In recent years, the 10-mile-long, five-mile-wide island has been booming. Hotels, shopping centers and theme parks have emerged from the sand to cater to migrant workers on "change visa" runs and more than 1 million Iranians a year. And while UN-backed sanctions against Iran over its nuclear program have had a serious impact on the mainland, reports out of Kish suggest that investment in the island — primarily in construction of tourist facilities but also in a natural gas project — continues although at a reduced pace.
Aside from the novelty of getting into Iran (no small accomplishment for most Americans, for whom getting a visa to the mainland is usually a hassle), there are reasons to visit Kish. There are a few interesting historical sights, such as the Payab cisterns built to store fresh water. The coastal bike path is fun as long as it's not summer. The shopping, which is possibly the biggest attraction, is often cheaper than Dubai, even though much of the merchandise comes from the emirate.

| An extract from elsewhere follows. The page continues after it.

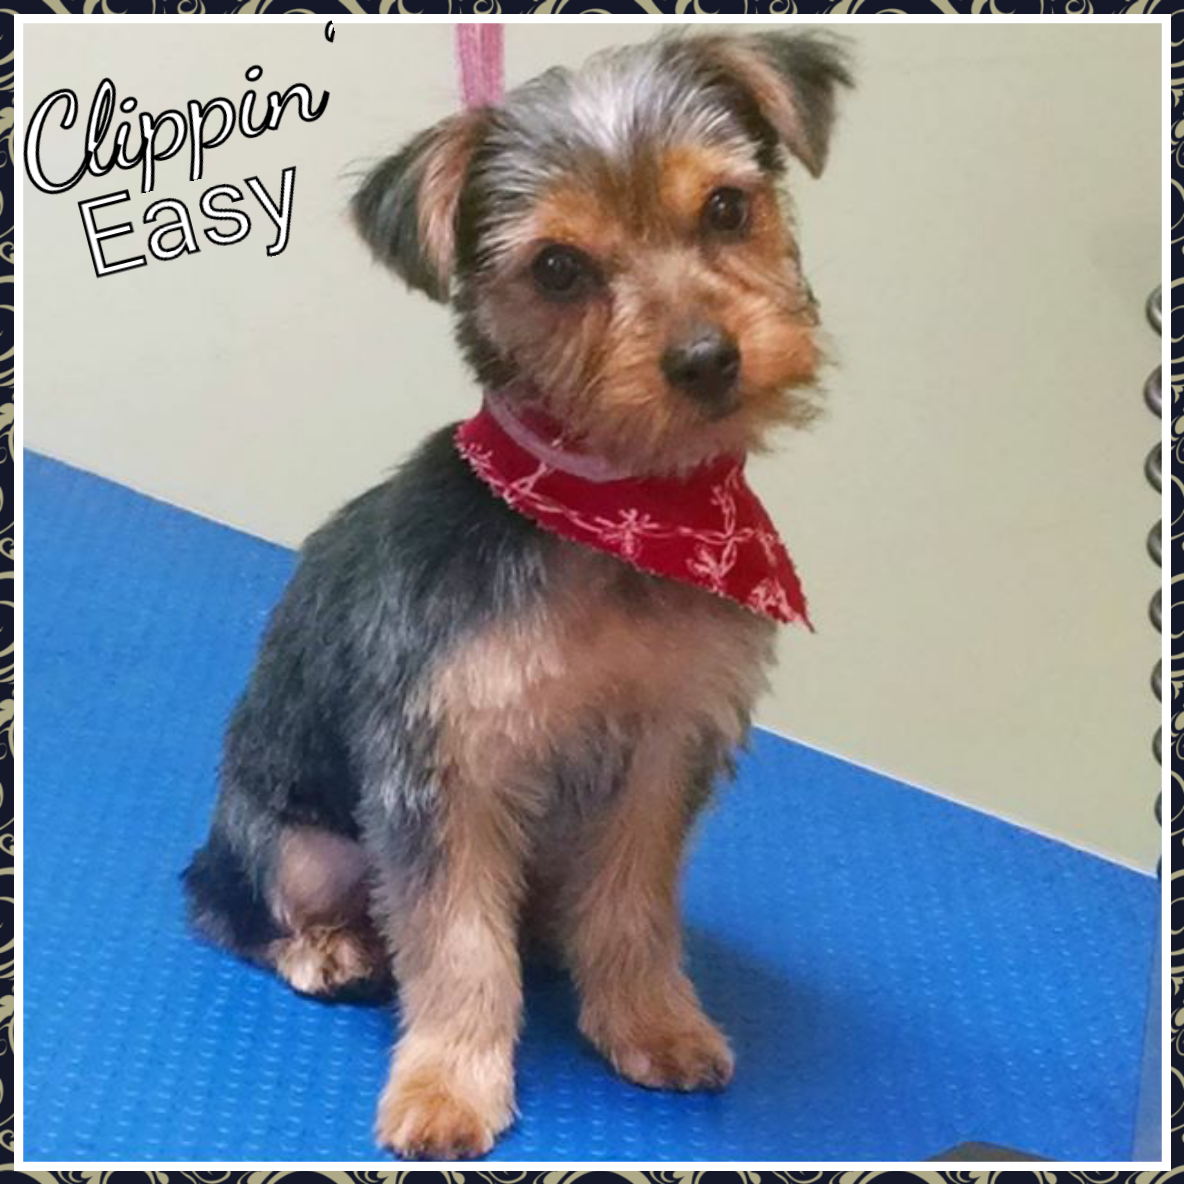 Clippin' Easy Pet Grooming 1267 Carding Machine Rd, Loudon Tennessee 37774

Kish Island is first recorded in the memoirs of Nearchus, the Greek sailor commissioned by Alexander the Great to explore the Persian Gulf in 325 BC. In the Middle Ages Kish became an important trading center under its own powerful Arab dynasty, and at one time supported a population of 40,000. The main town was Harireh, which is believed to be the town referred to by poet Sa'di in his famous work, Golestan (Rose Garden).
Kish was known for the quality of its pearls; when Marco Polo was visiting the imperial court in China, he remarked on the beauty of the pearls worn by one of the emperor's wives and was told they had come from Kish. In the 14th century Kish fell into decline and remained obscure until the 1970s, when the last shah started transforming it into a playground for the rich and famous.
It was quite a turnaround, too. A couple of quiet fishing villages were soon complemented by an international airport, a beachfront hotel that was at the time the most luxurious in the Gulf, and even a grand casino. Concorde was chartered to ferry guests in from Paris, and pre-revolution Kish was one of the most exciting destinations in the region.
After the 1979 revolution, the casino, the bikinis and the cocktails were no more and the focus changed to domestic tourism and trade. These days Kish has more than 50 hotels, several theme parks and numerous shopping malls.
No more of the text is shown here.